Mesmo se considerarmos que,
estatisticamente, é possível imaginar dois celulares com o mesmo
grupo de aplicativos, imagino que a probabilidade de isso ocorrer
seja bem baixa, mesmo entre pessoas próximas ou da mesma família. É
por isso que, como escrevi acima, o celular é uma extensão digital
da sua pessoa. Através dos aplicativos, o instrumento permite que
você seja mais você, amplificando o seu senso de quem você é, o
seu alcance no mundo.
Ele estende sua presença muito além do
seu corpo, permitindo que você esteja, virtualmente, em qualquer
lugar do mundo, participando de conversas com pessoas em outras
cidades, países, ou pertencendo a culturas muito diferentes da sua.
O celular dissolve a essência de quem você é num código digital
transportável através do mundo. Juntando a isso o acesso à
informação, a verdade é que nunca estivemos mais próximos da
onipresença e da onisciência.
O celular, ao menos metaforicamente, nos
aproxima de uma existência divina: sem um corpo e cientes de tudo o
que ocorre no mundo. O que explica por que os celulares são tão
sedutores. Se não temos um, ou porque esquecemos o nosso em casa ou
porque quebrou, nos sentimos confinados a uma espécie de solitária
digital, separados de parte de quem somos e do resto do mundo. São
poucas as pessoas que, hoje, optam por não ter um. O “homo
analogicus” é uma espécie em extinção acelerada! Bem-vindos à
Era da Transcendência Digital. Esse processo é irreversível. Não
temos como voltar atrás. Podemos tentar monitorar o uso, e até
desligar o aparelho de vez em quando.
Mas difícil acreditar que a maioria das
pessoas seja capaz de pôr o seu na gaveta, ou de recusar usá-lo por
períodos longos (dias). A menos que seja uma espécie de desafio
pessoal, ou uma viagem de auto(re)descoberta, como as pessoas que
passam uma semana num retiro budista em meditação intensiva. Com os
celulares, expandimos nossa presença no mundo, ampliando nossos
horizontes sociais e culturais.
Quando adicionamos as várias mídias
sociais, podemos expandir nossas tribos, estabelecendo contato com
pessoas que dividem nossos valores, mesmo se vivendo em algum outro
canto do mundo. Mais dramaticamente, os celulares permitem que nossas
vidas sejam transferidas para o éter digital, baixáveis em qualquer
lugar do mundo, por quem quer que seja. Eles permitem que sejamos
admirados, até mesmo endeusados, por outras pessoas.

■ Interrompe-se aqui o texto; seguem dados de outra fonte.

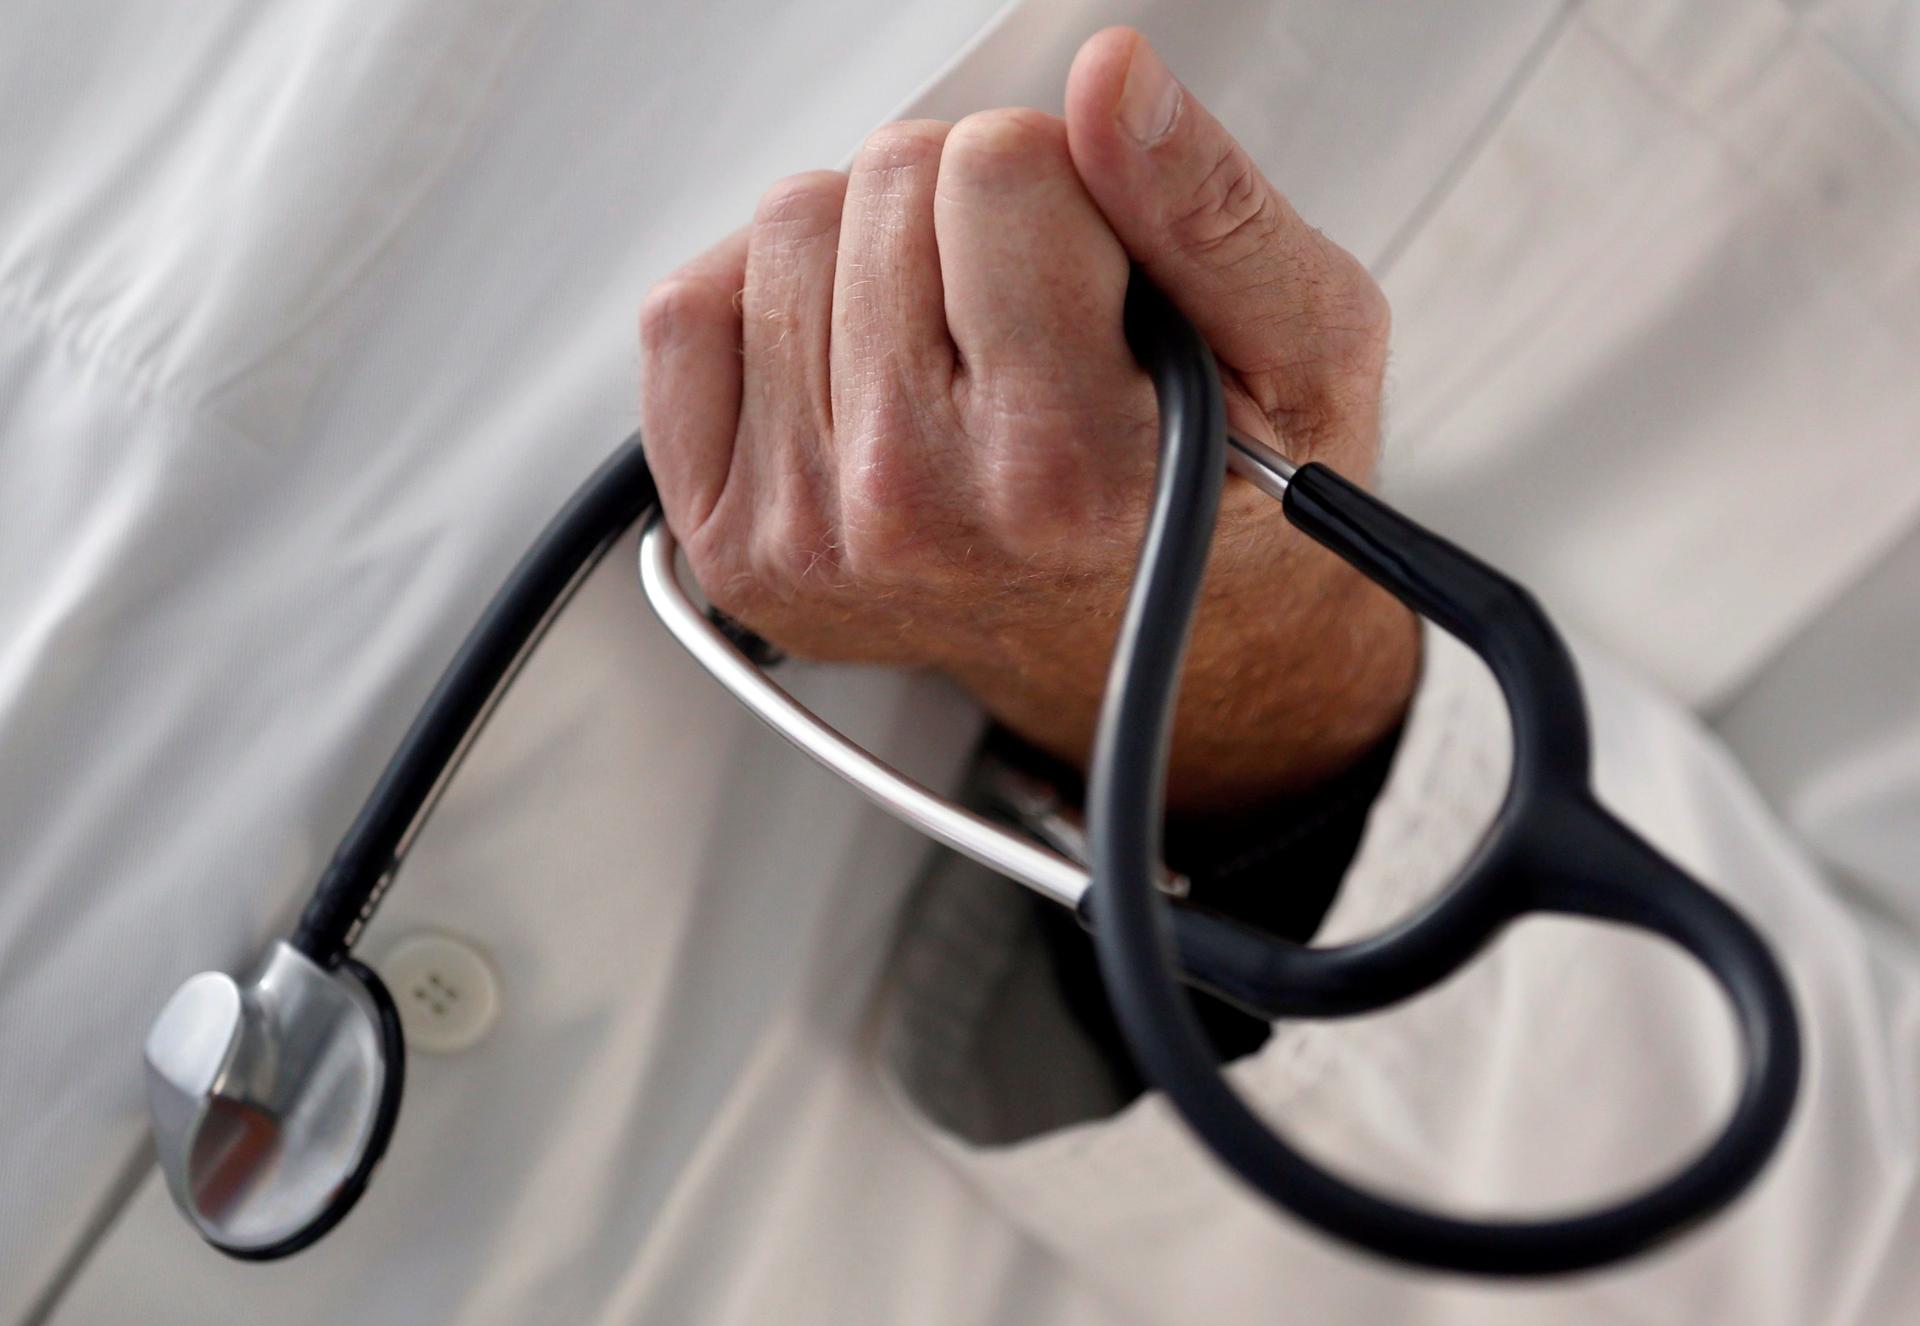 Florida lawsuit claims Biden administration regulations ‘fundamentally redefine the practice of medicine’

Ou, claro, odiados e invejados. A
transcendência digital e o narcisismo estão intimamente ligados.
Acho que poucos estavam preparados para isso. O lado bom dessa
tecnologia, que nos permite estar mais próximos dos amigos e da
família, ou dividir momentos importantes ou informações
relevantes, é indiscutível. Mas existem problemas sérios também.

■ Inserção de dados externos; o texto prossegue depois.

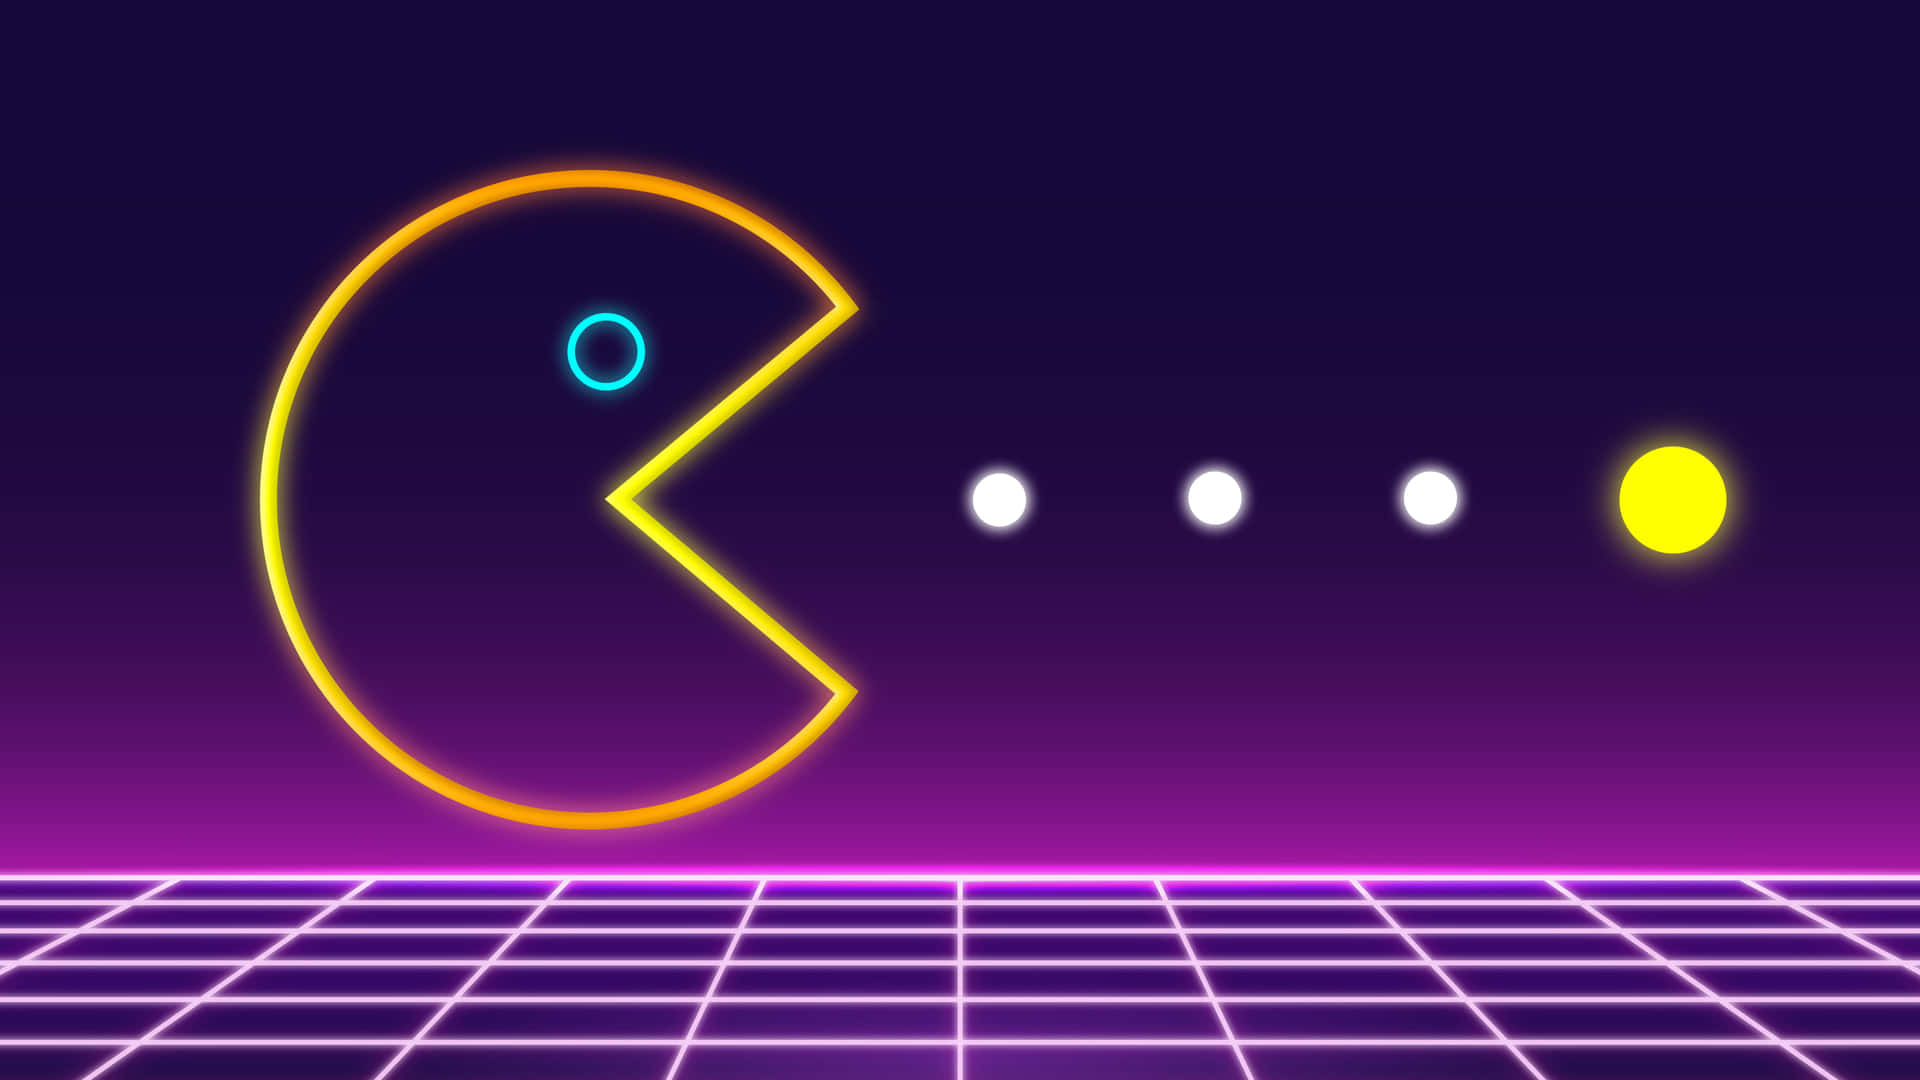 Pac-man - The Arcade Game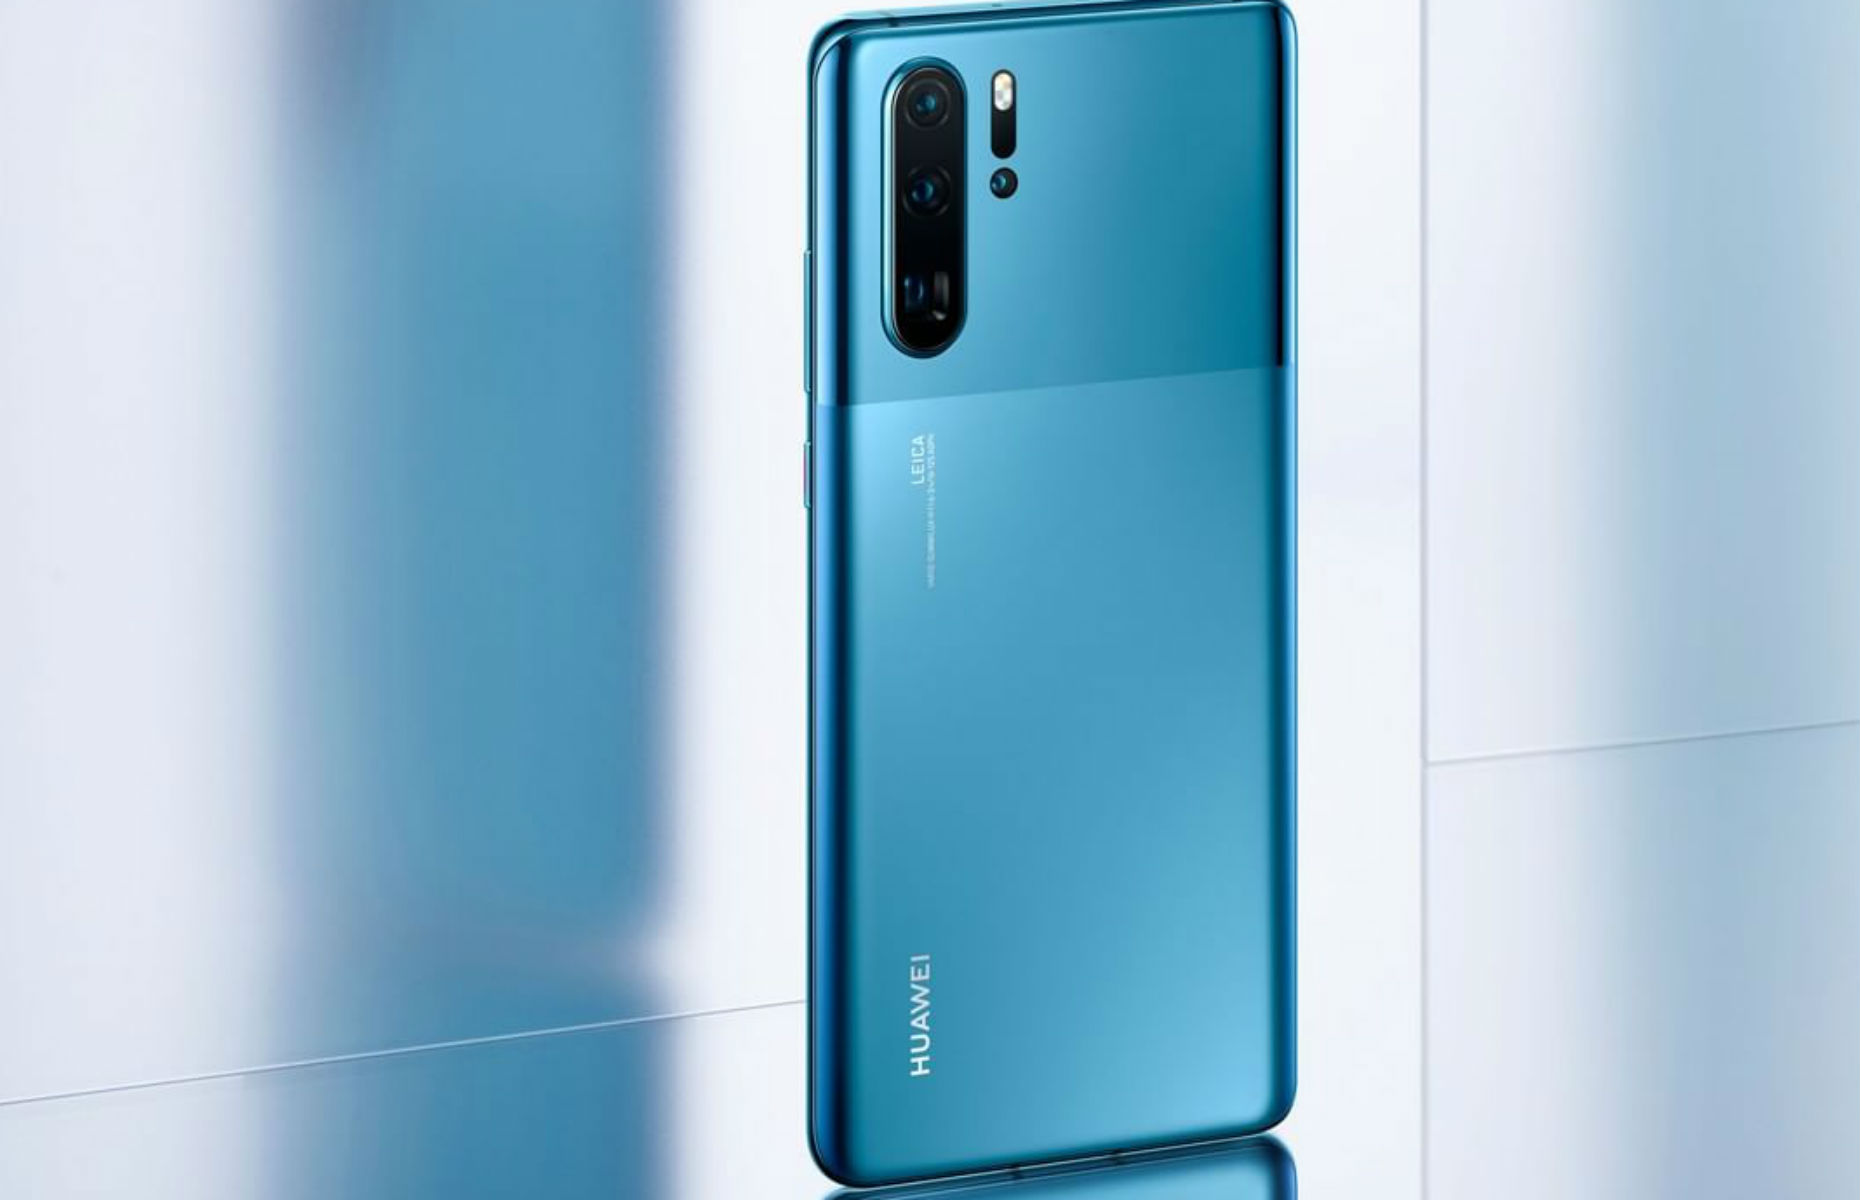 Huawei P30 Pro phone

Por exemplo, como evitar o narcisismo digital?
Todas essas fotos, milhares delas,
divididas pelo Instagram e Facebook; todos esses detalhes das nossas
vidas, a maioria irrelevantes, disponíveis na nuvem, acessíveis a
todos. O tempo investido – nas fotos, na sua edição, na sua
isseminação, na contagem dos “likes” – é um ritual do Eu,
milhões de pessoas buscando uma audiência, clamando pela atenção
dos outros.
E o que parece estar acontecendo é o
efeito inverso, as pessoas se sentindo cada vez mais sozinhas, apesar
de toda essa comunicação. O celular se transforma numa barreira
entre você e o mundo. O tempo passa tão rápido que queremos nossas
vidas registradas na memória, mesmo se virtual.

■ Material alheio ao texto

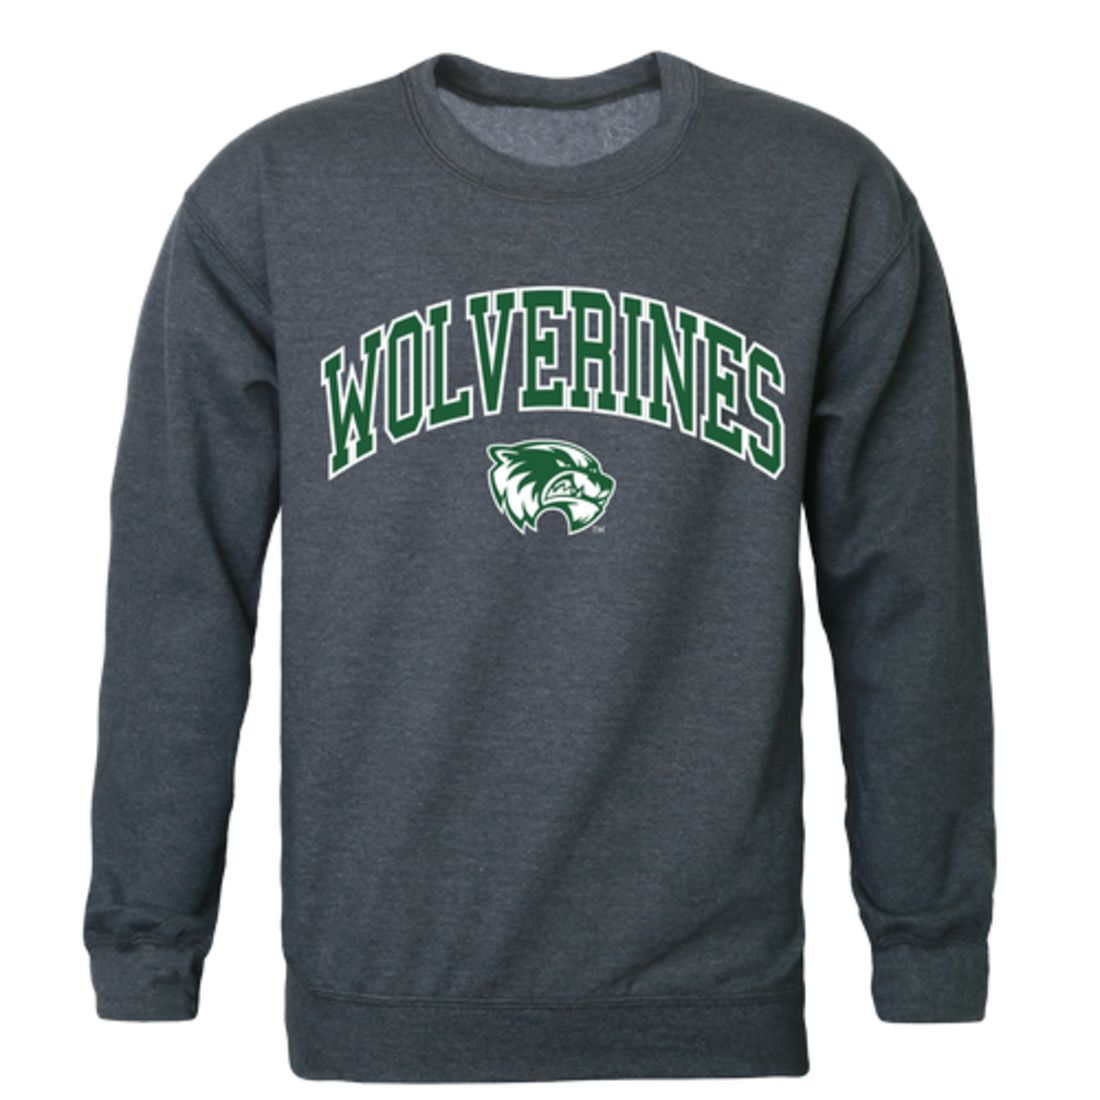 UVU Utah Valley University Campus Crewneck Pullover Sweatshirt Sweater Heather Charcoal-Campus-Wardrobe

Se só morremos quando as pessoas se
esquecem de nós, na nuvem digital podemos viver para sempre. Você
já visitou o website ou página de Facebook de alguém que morreu?
Os que não querem participar da nova era digital se sentem
pressionados, náufragos do passado, em um mundo que afundou. Quem
não participar fica para trás. E é esquecido. Como toda outra
tecnologia com profundo poder transformador, não há como escapar. E
não temos por quê.
Os celulares e a mídia social são uma
extensão digital de quem somos, amplificando o que temos de bom e de
ruim, reposicionando nossa existência numa dimensão virtual.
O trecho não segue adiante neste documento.